Between 2019 and 2024, 1,314 cattle and 1,689 small ruminants were sampled from 115 to 149 villages/cities, respectively, and 3,073 ticks were collected from 39 districts across Kazakhstan. Blood serum samples were screened for anti-C. burnetii antibodies by ELISA, while DNA from sheep milk and ticks was analyzed by qPCR, followed by partial sequencing of the 16 S rRNA and IS1111 genes. Multiple spacer sequence typing was performed on selected C. burnetii - positive samples. Risk factors were evaluated in a GEE model, and spatial risk maps were generated via inverse distance weighting interpolation.

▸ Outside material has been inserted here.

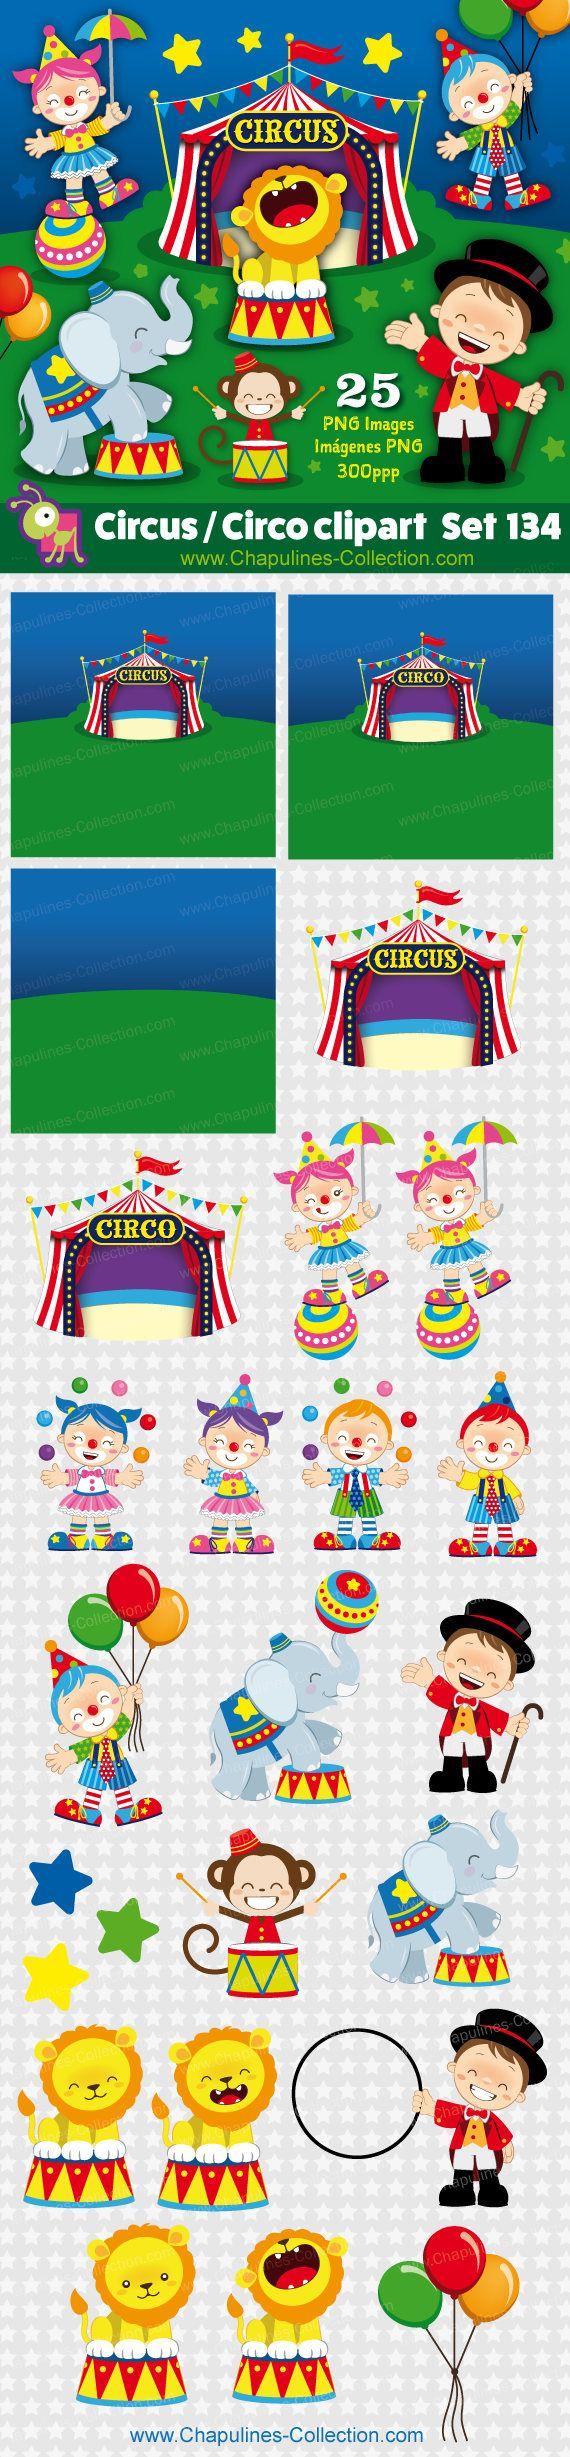 Circus clipart clown elephant monkey lion balloons

The apparent individual seroprevalence was significantly higher in small ruminants (30.6%; 95% CI: 28.4 - 32.9) than in cattle (6.6%; 95% CI: 5.3 - 8.1; p < 0.0001). Herd-level prevalence was 12.9% (95% CI: 8.4 – 17.6) in cattle and 60.2% (95% CI: 52.5 - 67.6; p < 0.0001) in small ruminants. Pavlodar oblast exhibited the highest individual and herd-level seroprevalence in both species, whereas low seroprevalence (≤ 11%) was observed in Atyrau, Mangystau, East Kazakhstan, and North Kazakhstan oblasts. Herd size was identified as a significant risk factor in both cattle and small ruminants. Coxiella burnetii DNA was detected in three of 77 (4%; 95% CI: 0.8 - 10.9) tested sheep milk samples. Overall, 7.6% of ticks (234/3,073; 95% CI: 6.7 - 8.6) tested positive for Coxiella spp., primarily H. scupense and D. niveus, likely including non-pathogenic endosymbionts. Thirteen samples were successfully sequenced and showed 99.7%-100% nucleotide identity in the IS1111 gene with reference C. burnetii isolates. The allele profile identified in the present study for the loci Cox2 - Cox5 - Cox18 was 3-8-15.

Conclusion

Q fever should be regarded as a potentially underrecognized and underreported infection in Kazakhstan. The exceptionally high prevalence observed in Pavlodar oblast in small ruminants and cattle underscores the urgent need to initiate monitoring of Q fever in the human population.